Rather, sequence fragments, typically from 100-1,000 nucleotides in length, are produced without any indication as to where in the genome they align. Therefore, in order to generate full length chromosomal genomic constructs, or determine variants with respect to a reference genomic sequence, these fragments of DNA sequences need to be mapped, aligned, merged, and/or compared to a reference genomic sequence. Through such processes the variants of the sample genomic sequences from the reference genomic sequences may be determined.

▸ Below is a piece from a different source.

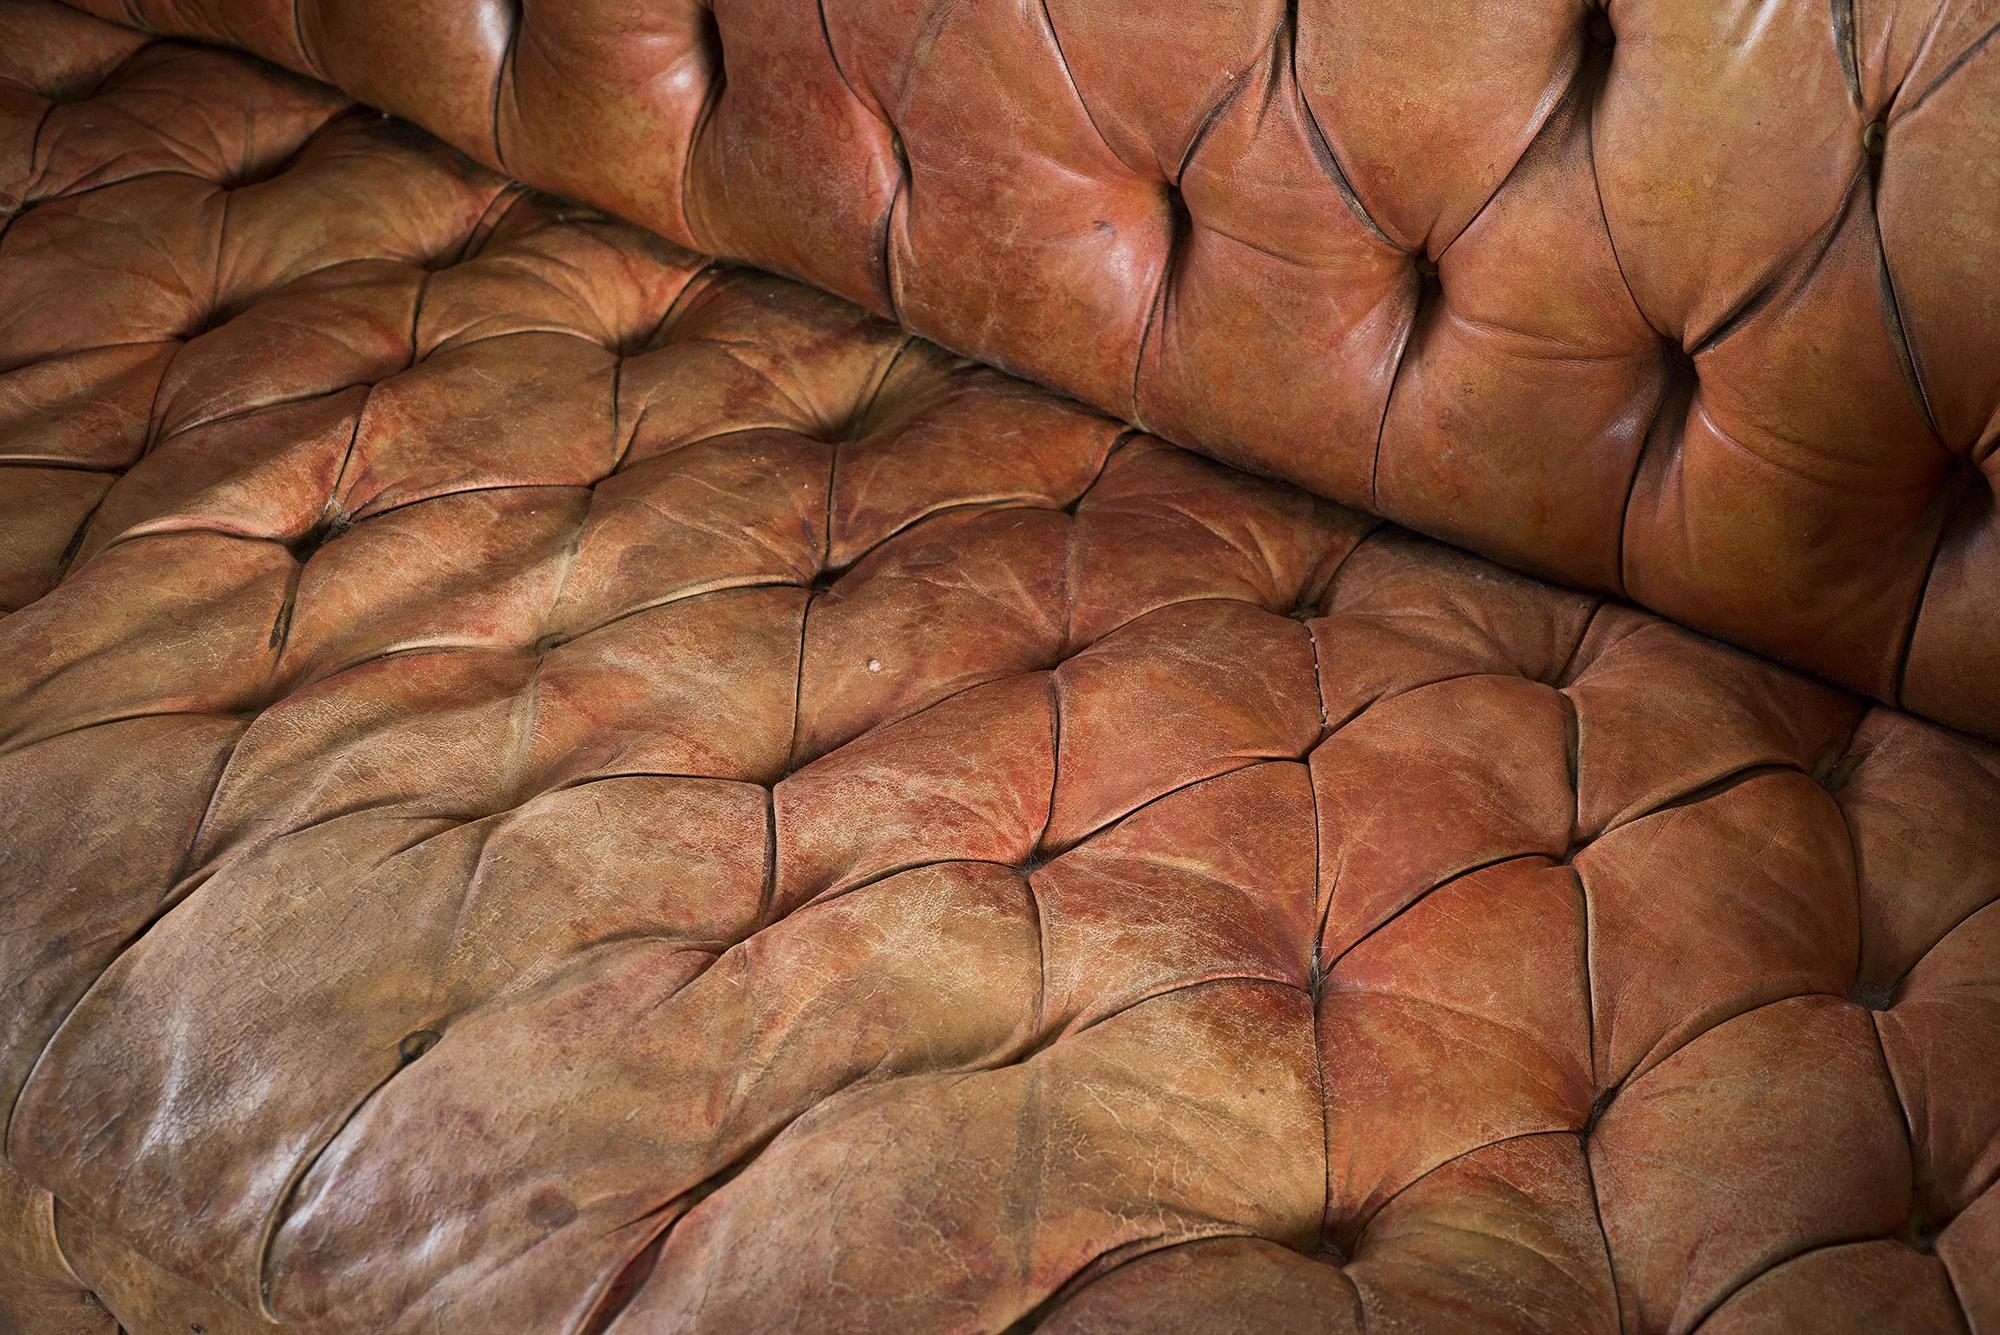 english leather sofa

However, as the human genome is comprised of approximately 3.1 billion base pairs, and as each sequence fragment is typically only from 100 to 500 to 1,000 nucleotides in length, the time and effort that goes into building such full length genomic sequences and determining the variants therein is quite extensive often requiring the use of several different computer resources applying several different algorithms over prolonged periods of time.
In a particular instance, thousands to millions of fragments or even billions of DNA sequences are generated, aligned, and merged in order to construct a genomic sequence that approximates a chromosome in length. A step in this process may include comparing the DNA fragments to a reference sequence to determine where in the genome the fragments align.

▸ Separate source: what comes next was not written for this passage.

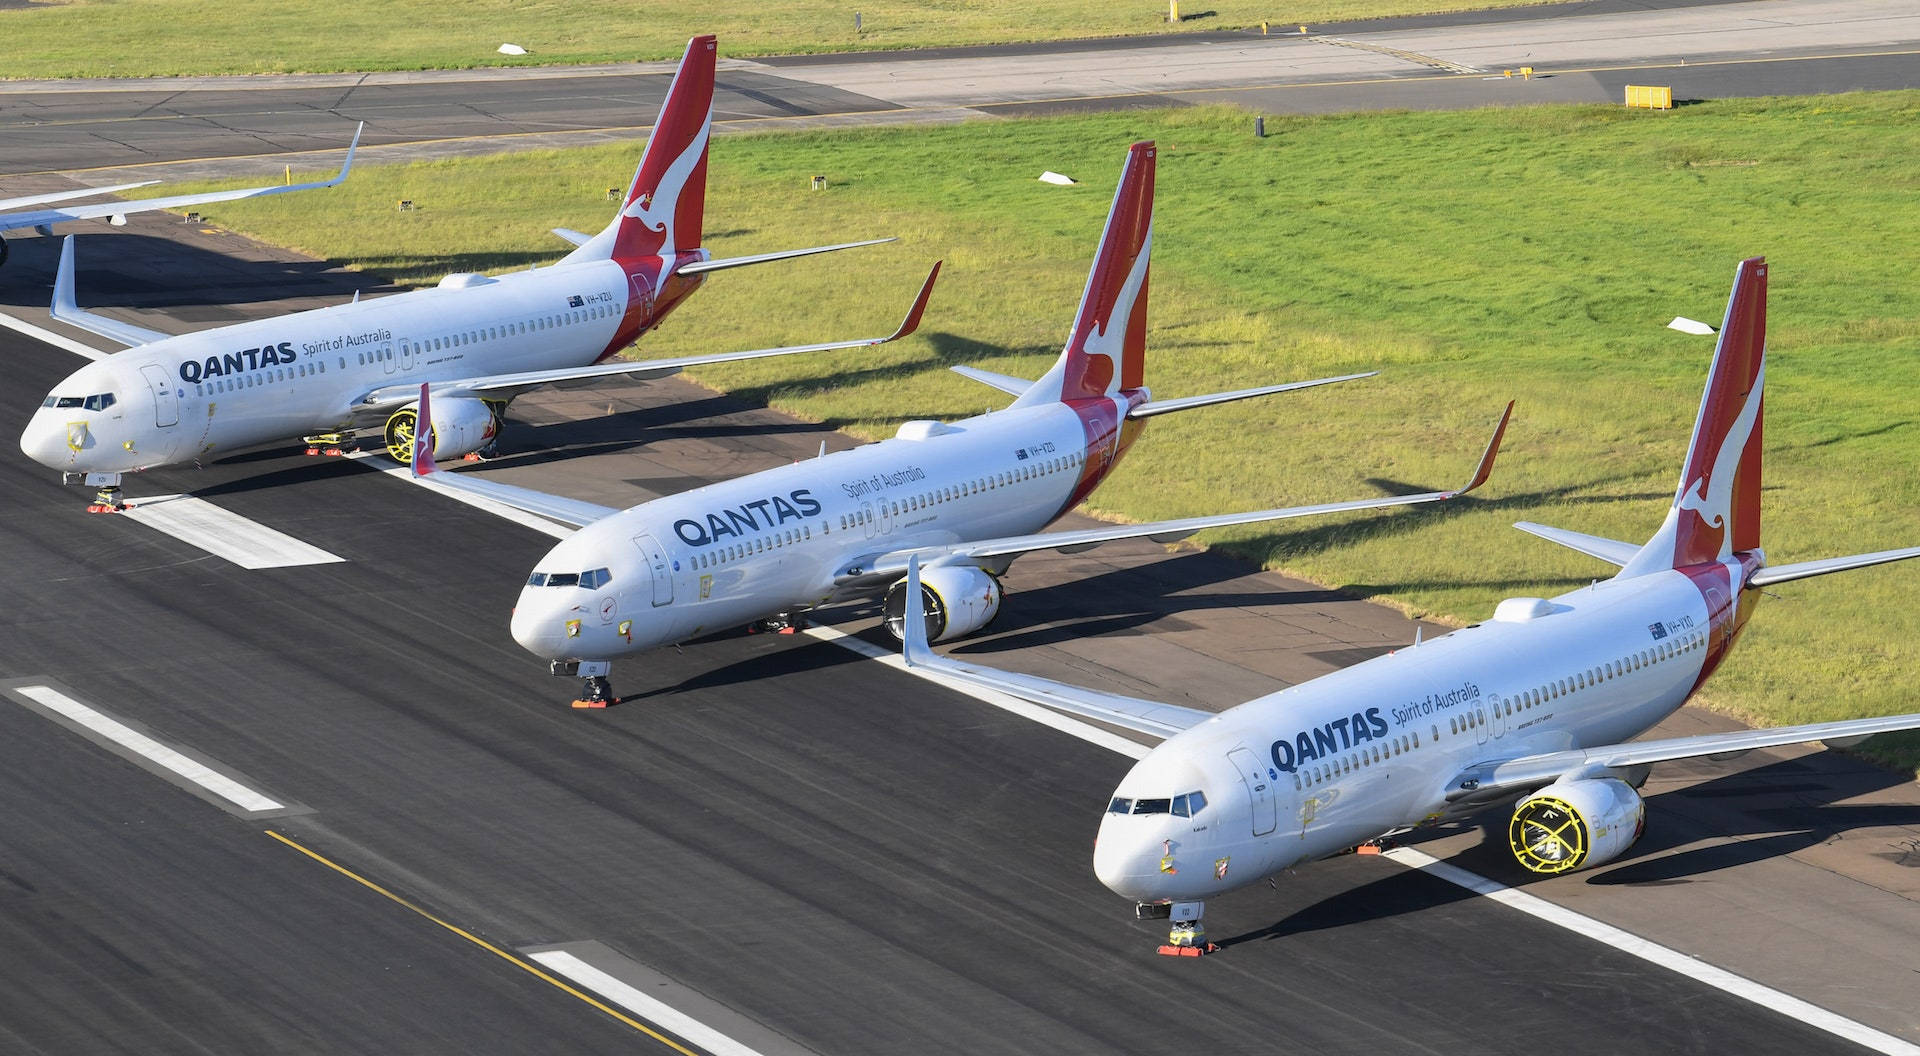 Qantas Aircrafts At The Airport Wallpaper

A number of such steps are involved in building chromosome length sequences and in determining the variants of the sampled sequence. Accordingly, a wide variety of methods have been developed for performing these steps. For instance, there exist commonly used software implementations for performing one or a series of such steps in a bioinformatics system. However, a common characteristic of such software based bioinformatics methods and systems is that they are labor intensive, take a long time to execute on general purpose processors, and are prone to errors.
A bioinformatics system, therefore, that could perform the algorithms implemented by such software in a less labor and/or processing intensive manner with a greater percentage accuracy would be useful. However, even as we approach the “$1000 Genome”, the cost of analyzing, storing and sharing this raw digital data has far outpaced the cost of producing it. This data analysis bottleneck is a key obstacle standing between these ever-growing raw data and the real medical insight we seek from it.
Accordingly, presented herein are systems, apparatuses, and methods for implementing a genomics and/or bioinformatic protocols, such as for performing one or more functions for analyzing genomic data, for instance, on an integrated circuit, such as on a hardware processing platform. For example, as set forth herein below, in various implementations, a hardware accelerator, such as an integrated circuit, may be employed in performing such bioinformatics related tasks where the integrated circuit may be formed of one or more hardwired digital logic circuits, which may be interconnected by a plurality of physical electrical interconnects, that can be arranged as a set of processing engines, wherein each processing engine is capable of being configured to perform one or more steps in a bioinformatics genetic analysis protocol. An advantage of this arrangement is that the bioinformatics related tasks may be performed in a manner that is faster than the software typically engaged for performing such tasks. Such hardware accelerator technology, however, is currently not typically employed in the genomics and/or bioinformatics space.